Japanese investors promised 'good returns' by Mugabe
Zimbabwean President Robert Mugabe on Monday promised that Japanese investors in Zimbabwe would be treated in a "robust and effective manner", state-owned ZBC television reported.
Mugabe said Zimbabwe was ready to do business with Japan and ensure good returns for investors.
Accompanied by his wife Grace, Mugabe was in Tokyo on a five-day state visit to seek investment in Zimbabwe. The country’s economy is slipping back into crisis nearly three years after the president was re-elected to power in the country he has ruled since independence in 1980.
Critics and the opposition Movement for Democratic Change say a controversial indigenisation law, which says that foreign investors can hold no more than 49% of shares in companies they have set up, is scaring away would-be investors.

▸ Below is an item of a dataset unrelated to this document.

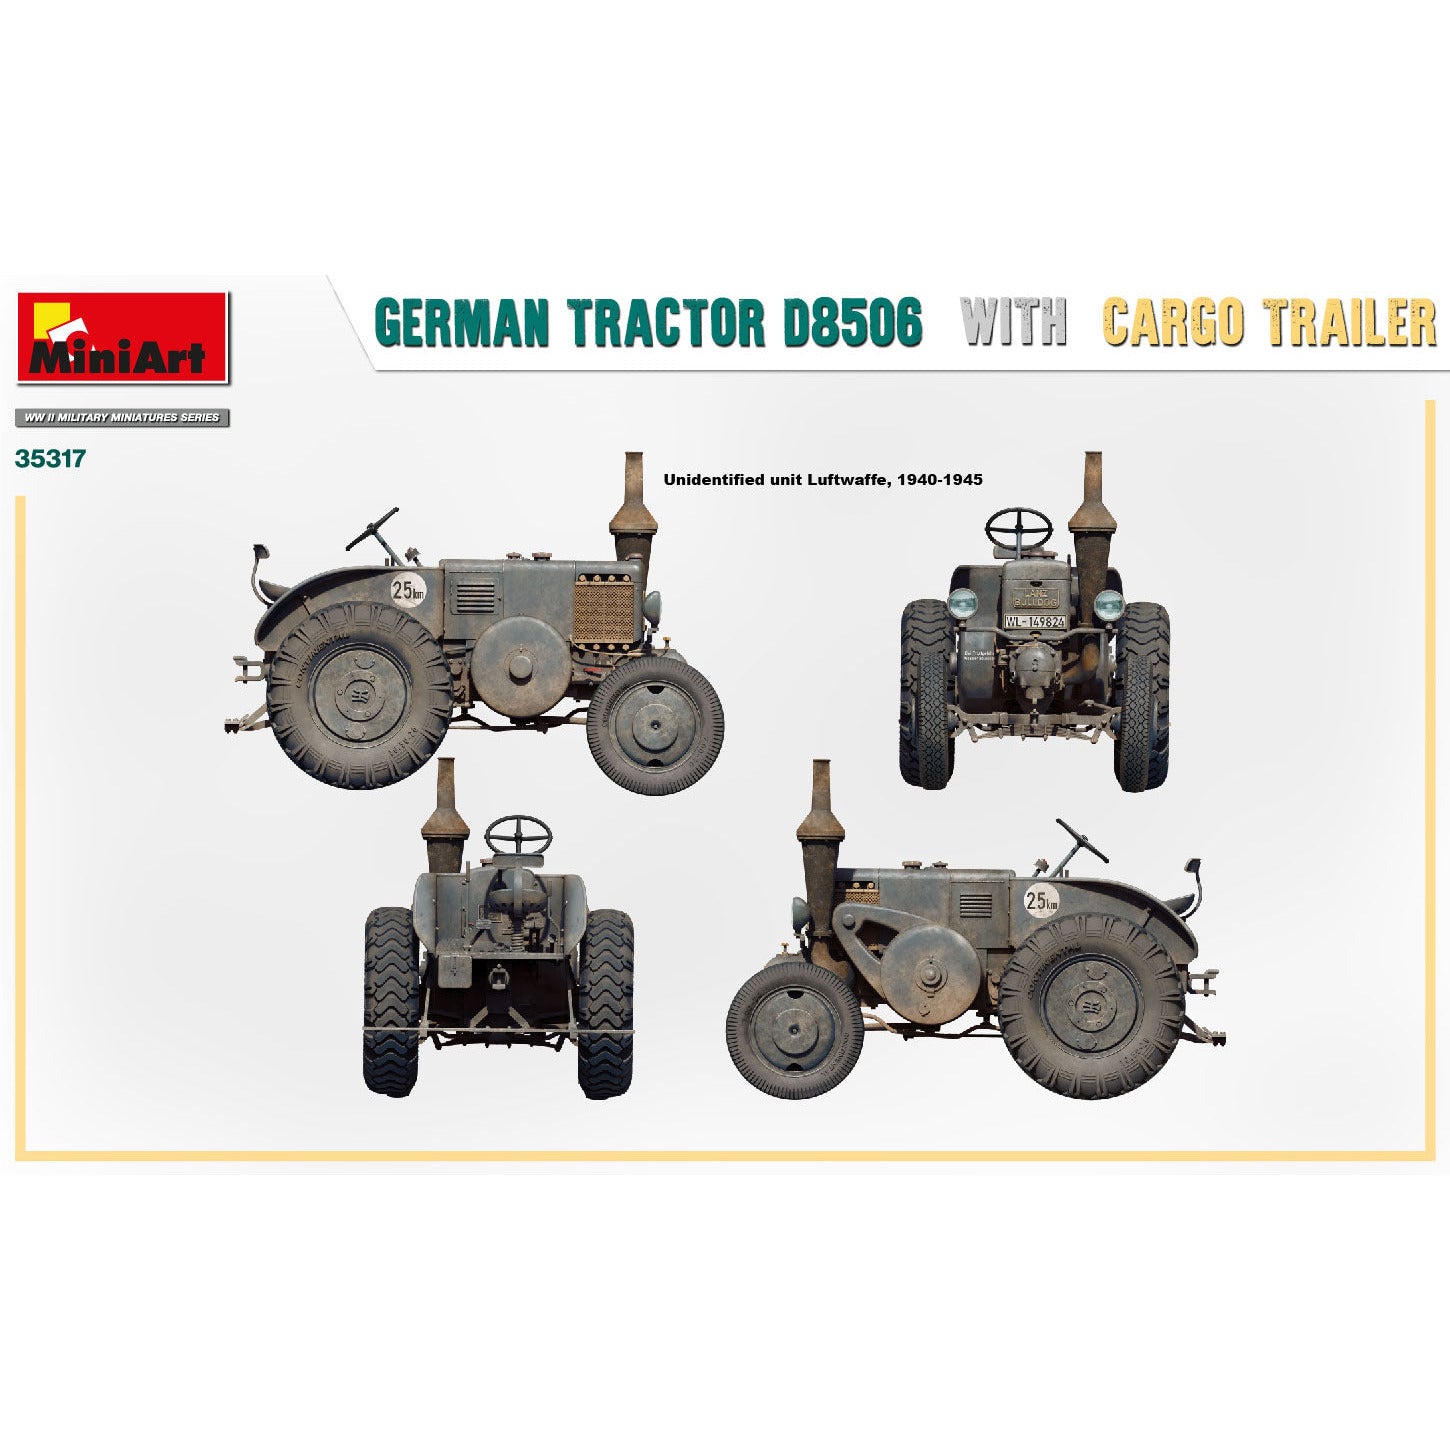 MINIART 1/35 German Tractor D8506 with Cargo Trailer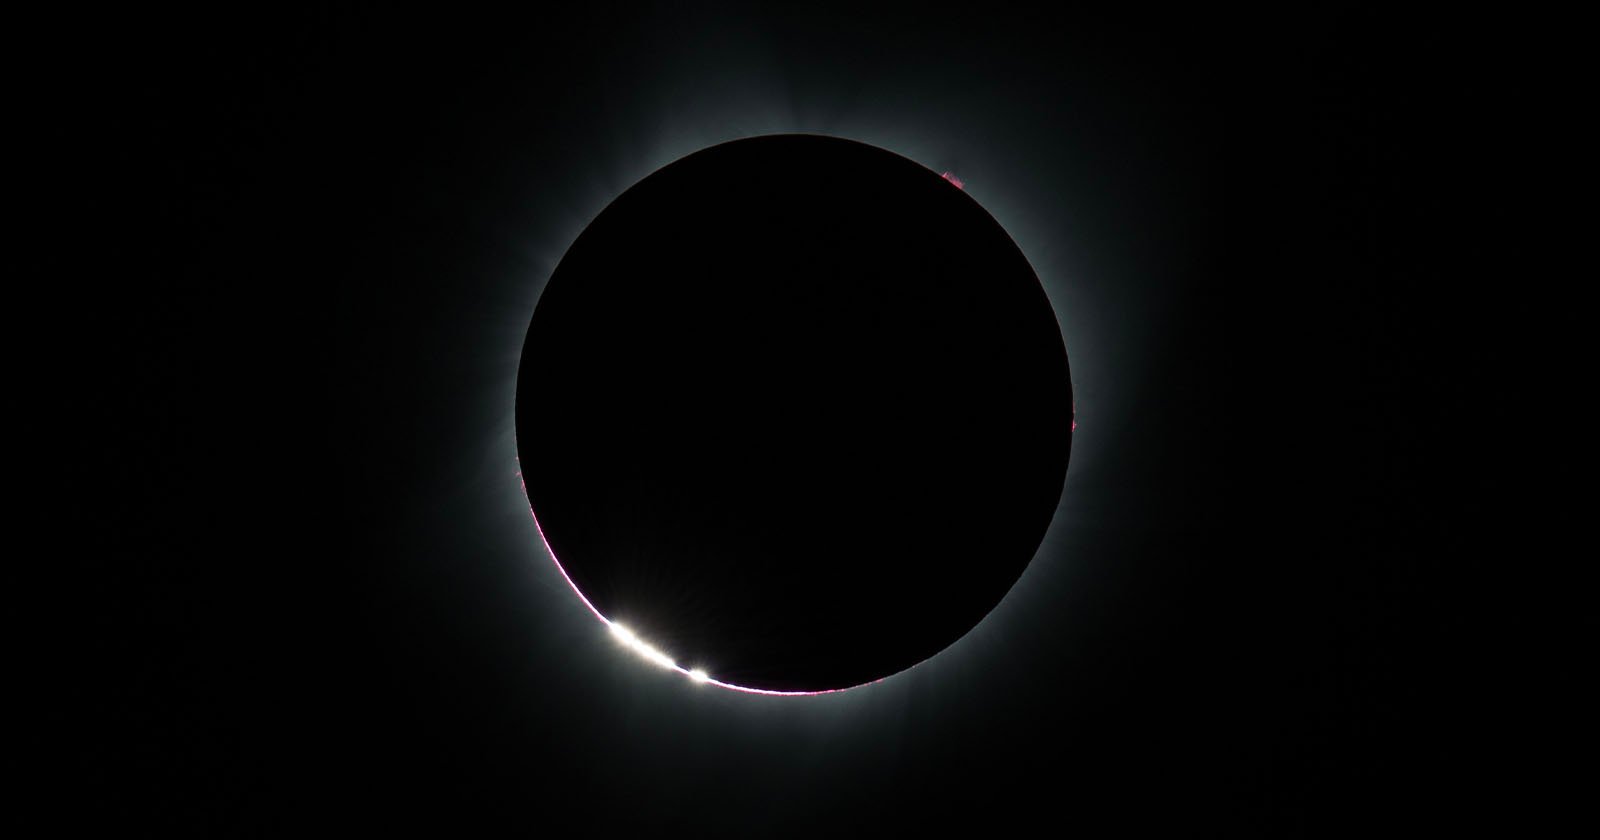 An solar eclipse with the Baily's beads phenomenon, where light rays peak out at the edge, is shown.

Mugabe's nephew Patrick Zhuwao, who is Zimbabwe's indigenisation minister, last week repeated a threat to cancel the licences of foreign and white-owned firms that do not comply with the law by April 1.
Mugabe’s comments came after he held talks with Japanese Prime Minister Shinzo Abe. They signed an economic co-operation agreement, which would see Japan funding road rehabilitation in Zimbabwe, according to a tweet from ZBC journalist Clarkson Mambo.
The Japan Times said the pledge was for $5m.
Abe was reportedly keen to get Mugabe's backing for his bid to push for reforms of the UN Security Council. During a press conference, Mugabe complained about the "slow pace of reform" at the UN.
The official Chronicle newspaper reported on Monday that he had more than 13 scheduled meetings with Japanese government officials and companies.